═══ DATASET EXCERPT ═══

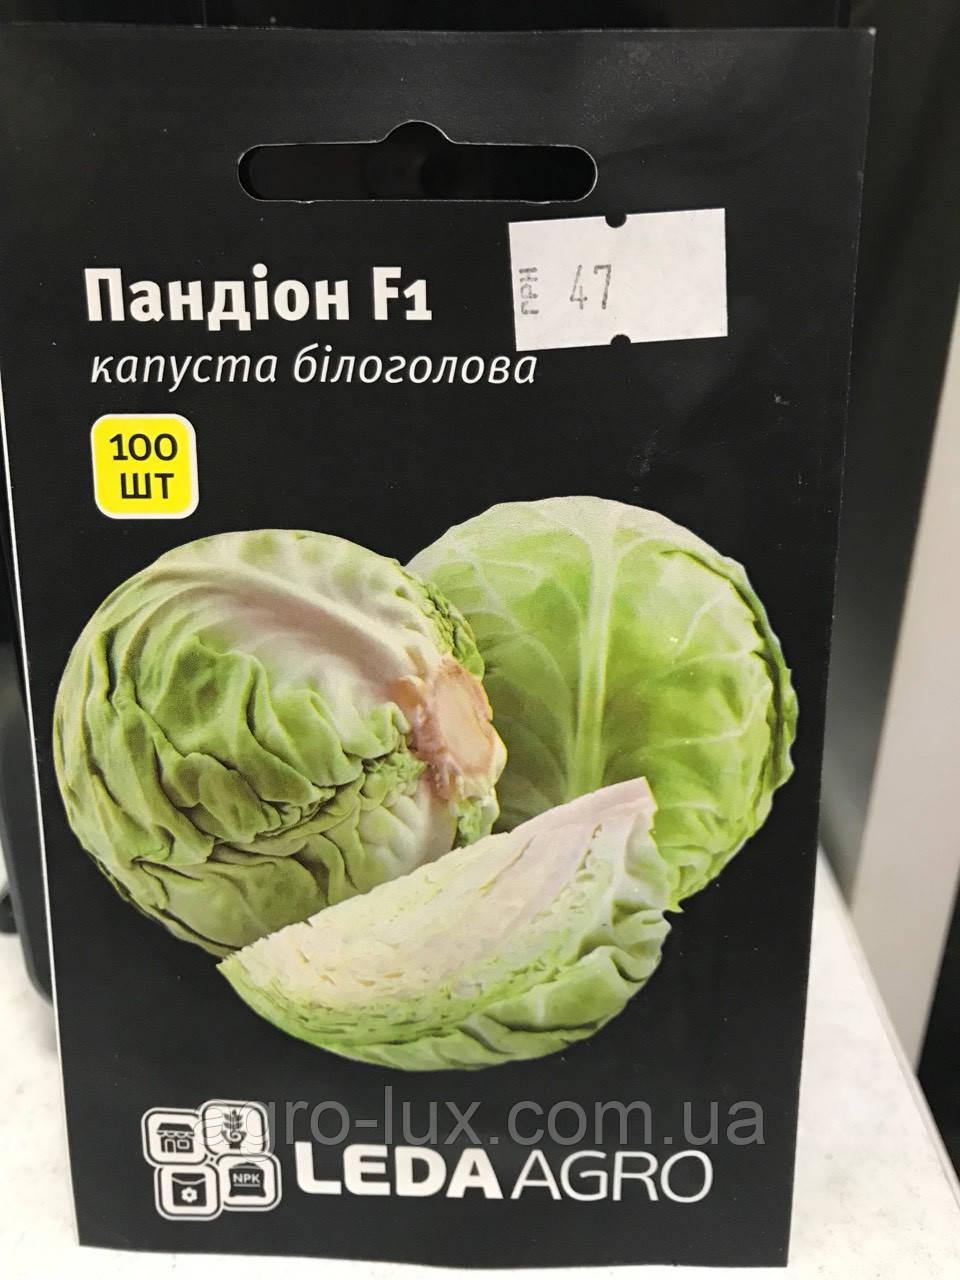 Семена капусты ранней Пандион F1 100 шт
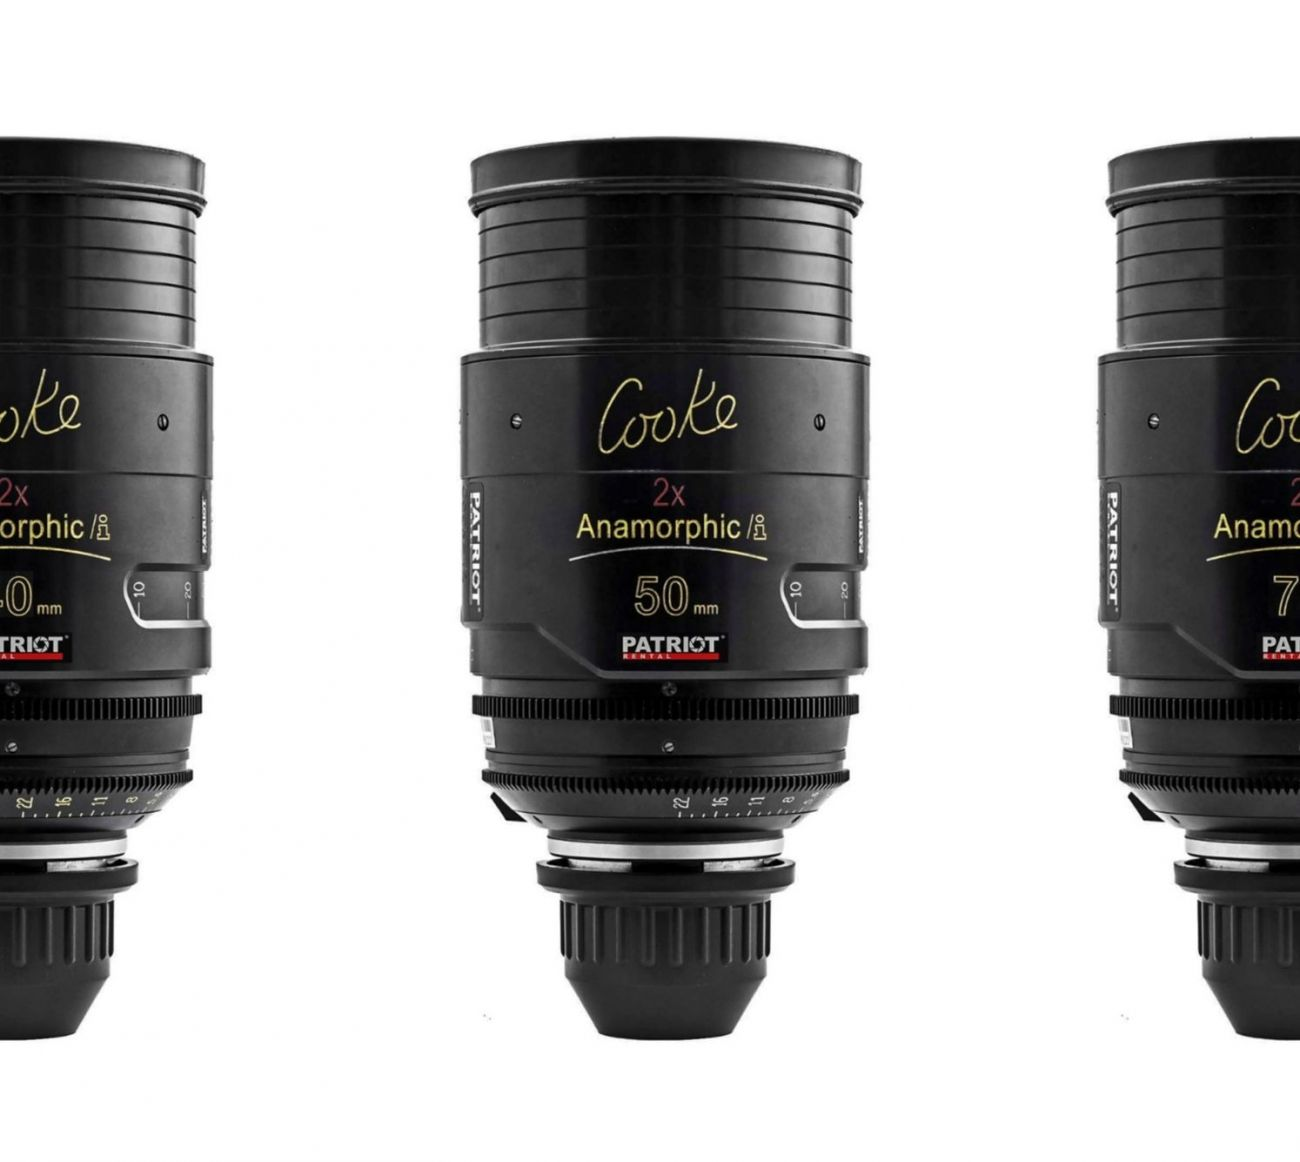 SET COOKE ANAMORPHIC/I 2x Lenses T2.3 32,40,50,75,100mm
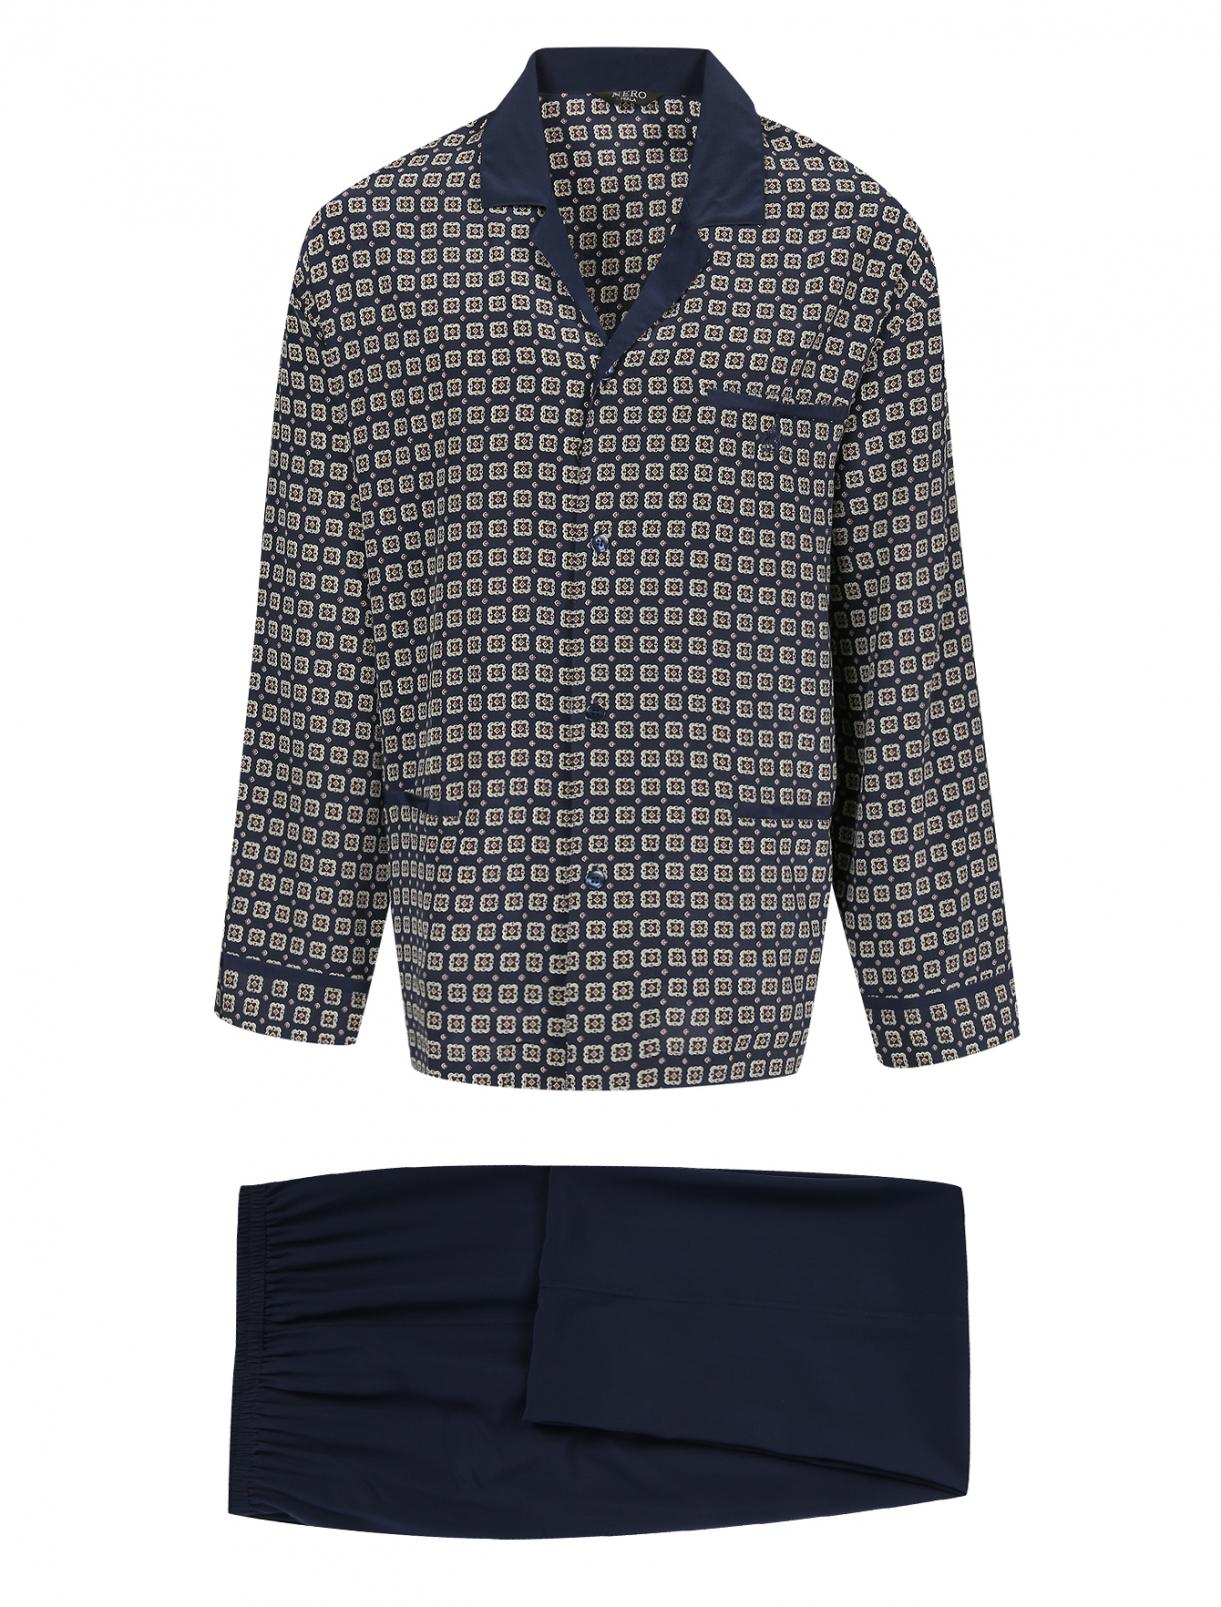 Пижама из шелка с узором NERO PERLA  –  Общий вид

═══

-- TASK DESCRIPTION --
Leave out the images and copy all remaining data word for word.

-- WRITTEN SOLUTION --
 Семена капусты ранней Пандион F1 100 шт
 SET COOKE ANAMORPHIC/I 2x Lenses T2.3 32,40,50,75,100mm
 Пижама из шелка с узором NERO PERLA  –  Общий вид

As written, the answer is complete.